Saturday, 28 April 2012

Hummingbirds in Flight


Nothing can quite prepare you for the exquisite sight of a hummingbird on the wing. Nature has truly spoiled us with this astonishing spectacle. Take a look as ten different species take flight in their search for food and marvel at the aerodynamics of one of the world's truly astonishing species.

Image Credit Flickr User Ingrid Taylor
This beautiful specimen is known as an Anna’s Hummingbird and was named after Anna Messina, the Duchess of Rivoli. It is found along the Pacific Coast from British Columbia to Arizona. Males perform remarkable display dives during the courtship season. The male, when his territory is threatened, rises up around a hundred feet before diving on to his rival. The dive is so fast it produces an “explosive squeak” as the wind rushes through the tail feathers.

With his iridescent green back, this male Broad-tailed Hummingbird is spectacular enough. However, he also has a brilliant red gorget (a throat patch) which really makes him stand out from the crowd. This species is found across the forests and meadows of the Western United States but do range as gar as Mexico and Guatemala.

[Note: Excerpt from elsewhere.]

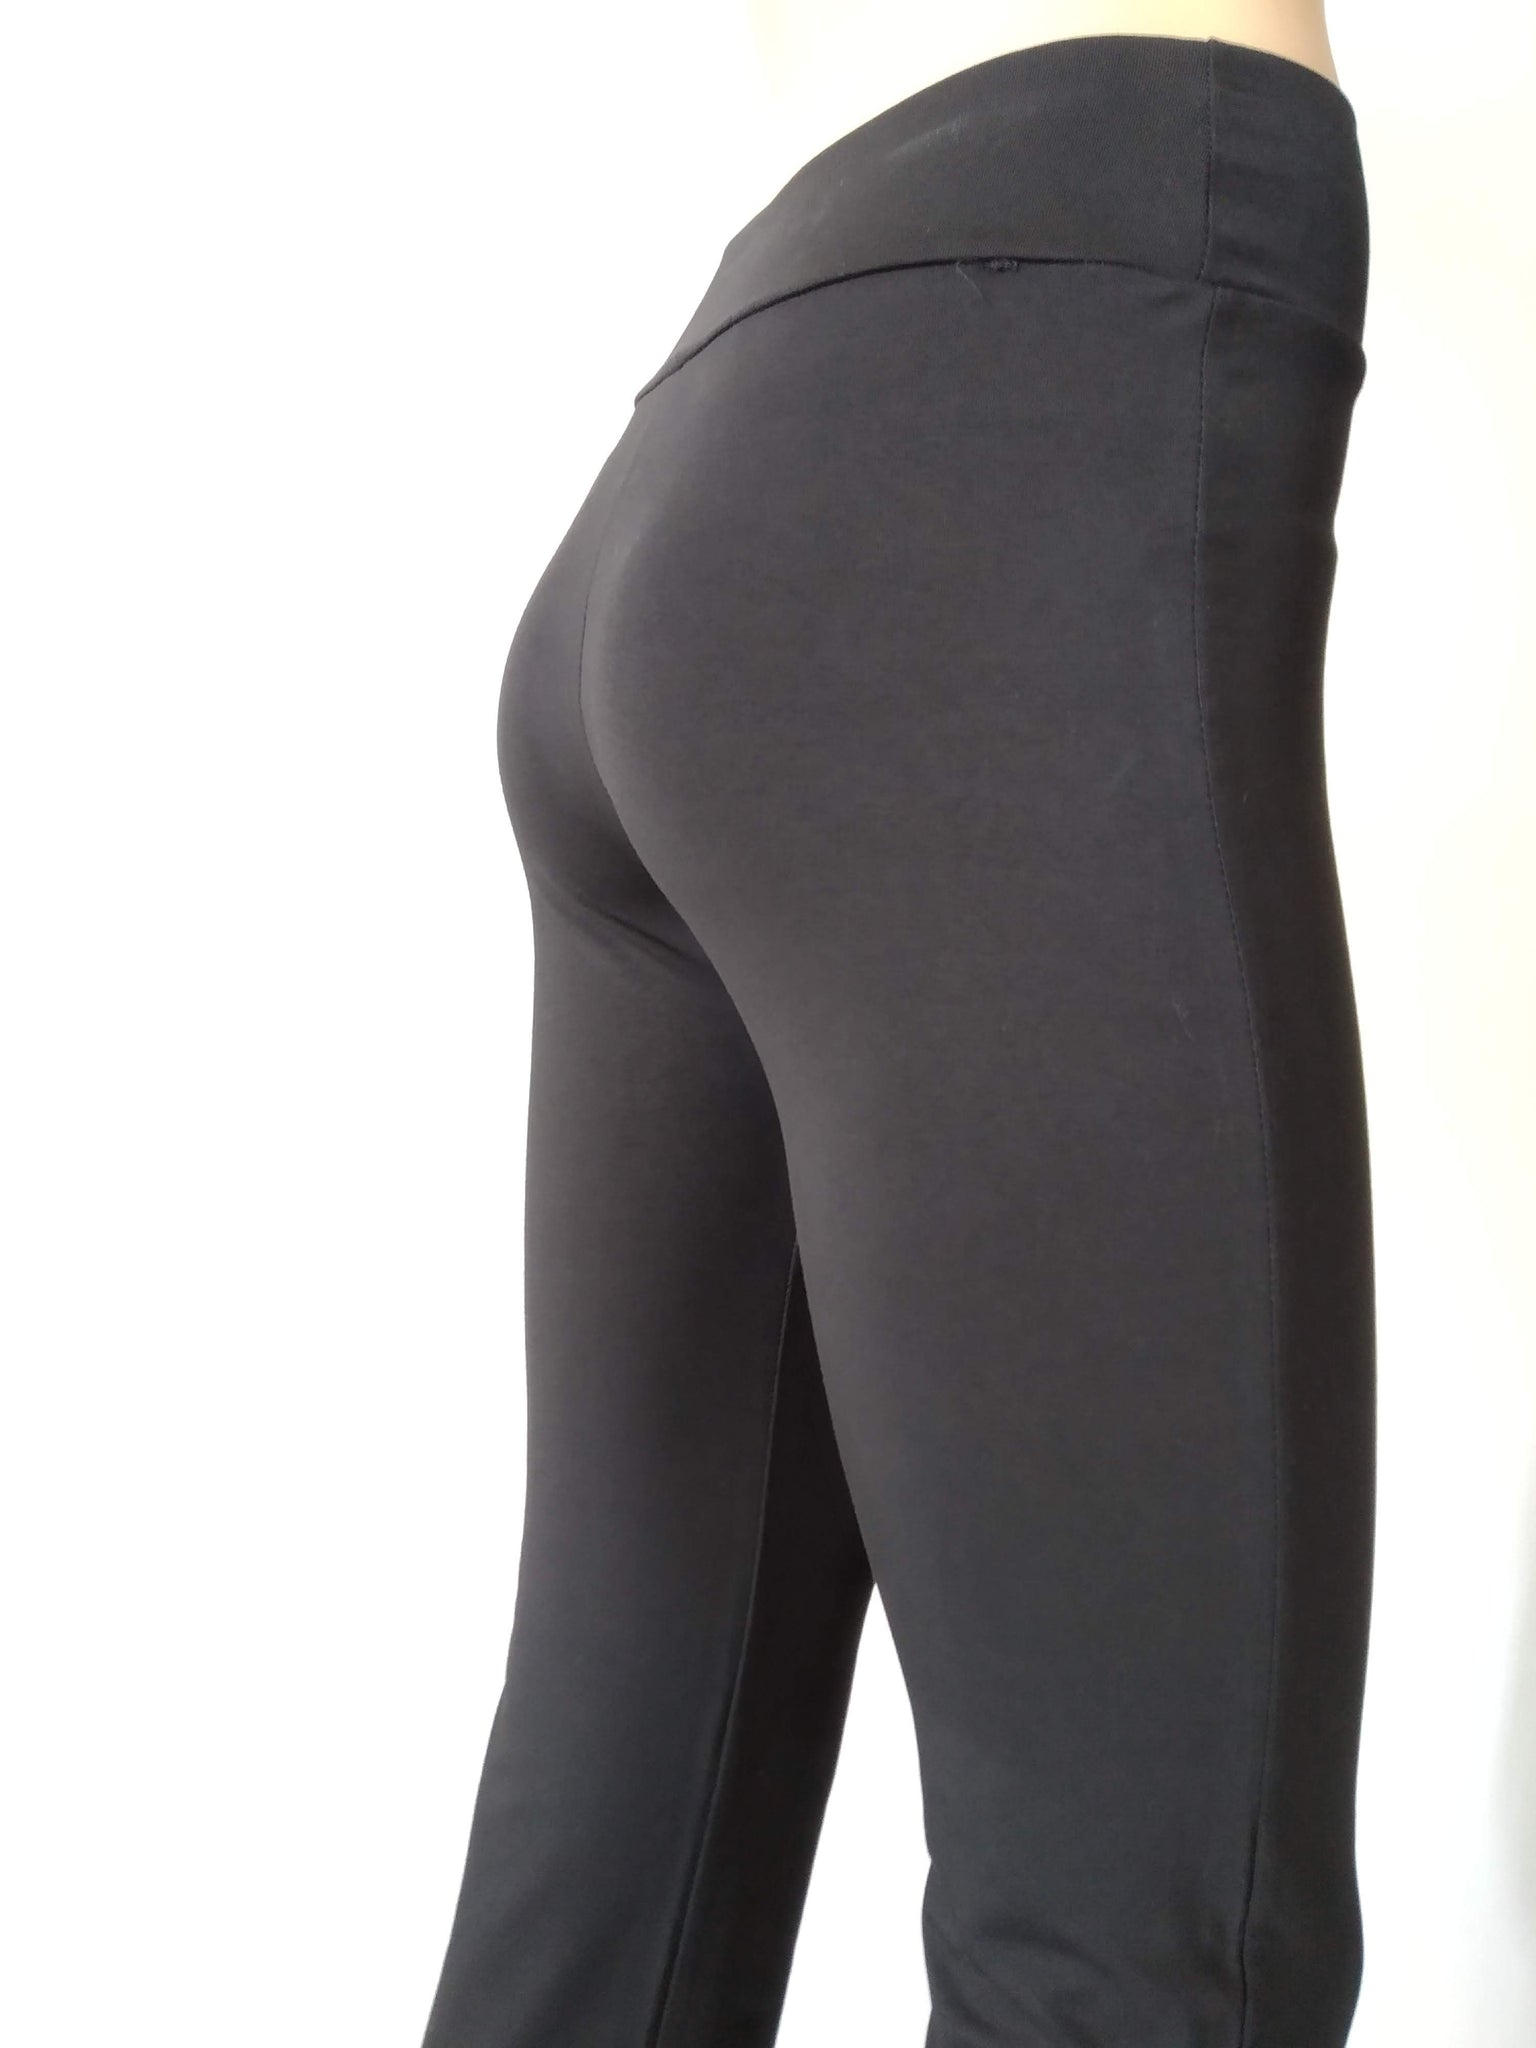 side view of this great black cotton high-waisted leggings. straight tube cut up to the ankles.

The bird is somewhat vagrant and can be seen even in El Salvador, although it will not breed there. The bird is recognized by the trilling sound that the male’s wings make during flight. A gorgeous species.

The beautiful and fascinated Ruby-throated hummingbird has many flight muscle and skeletal adaptations which allow it great agility in flight. They have, for example, long blade-like wings which connect to the body only from the shoulder joint. This is unlike most other birds and this adaptation allows the wing to rotate almost through one hundred and eighty degrees.

Amazingly, this then allows the bird to not only fly forwards but straight up and down, backwards and sideways. Their Phenomenal wings beat 55 times a second when hovering!

Does the camera ever lie? Perhaps, but in this case it is not intentional. The Costa’s Hummingbird is tiny and grows to only three inches in length.

This male of the species shows of his most distinguishing feature – his purple cap, with his throat feathers flaring out and back behind his head.

This species is fairly common in the Southwestern United States and in the Baja California Peninsula of Mexico. Many people believe that hummingbirds survive only on the nectar of flowers. The Costa’s, like all other hummingbird species, also eats any tiny insects it finds among the petals when it is collecting the nectar.

This species of hummingbird has a forked tail and as such is known as the Swallow-tailed variety. It is one of the largest “city” hummingbirds and can be very aggressive.

It will attack any other hummingbirds that dare encroach on its particular territory. They occur from the Amazon River up to Paraguay and South Eastern Peru. Unfortunately, although they can get along in partially deforested zones they may well disappear because of intensive agriculture and the development of treeless cities.

The Green Violet Ear is one of the more magnificent of hummingbirds and it is a resident of South America, mostly. Although it breeds in Mexico and the Andes it has been known to wander in to the United States, even as far as Canada.

It is known, as well as its supreme colorings, for it vigorous song that is repeated ad infinitum all day long. The song goes CHEEP-chut-chut, chip CHEET and would probably drive you mad if this particular species decided to make its home next to yours.

The Collared Inca Hummingbird is found in the humid forest of the Andes. It is common throughout Venezuela, Colombia and Ecuador.

It is known for its darker looks – and has a clear white chest patch which distinguishes it further, giving him something of the look of a flying catholic priest.

A Giant Hummingbird takes a rest. This one is as large as it looks! This is the largest member of the hummingbird family and can measure up to eight and a half inches in length. That is approximately the length of a European Starling, which should give you a good idea about its size.

It is not as attractive as many of its smaller cousins and as such is known locally as the “burro q’enti” – the burro refers to its dull plumage. It is found in the Andes.

The Sword-billed Hummingbird is the only bird in the world which has a bill that is actually longer than its body. As such it is unable to preen itself and has to use its feet.

This is universally acknowledged as one of nature’s stranger, funnier sights. The length of its bill is so it cal feed on plants with long corollas. As you might expect its tongue is also unusually long.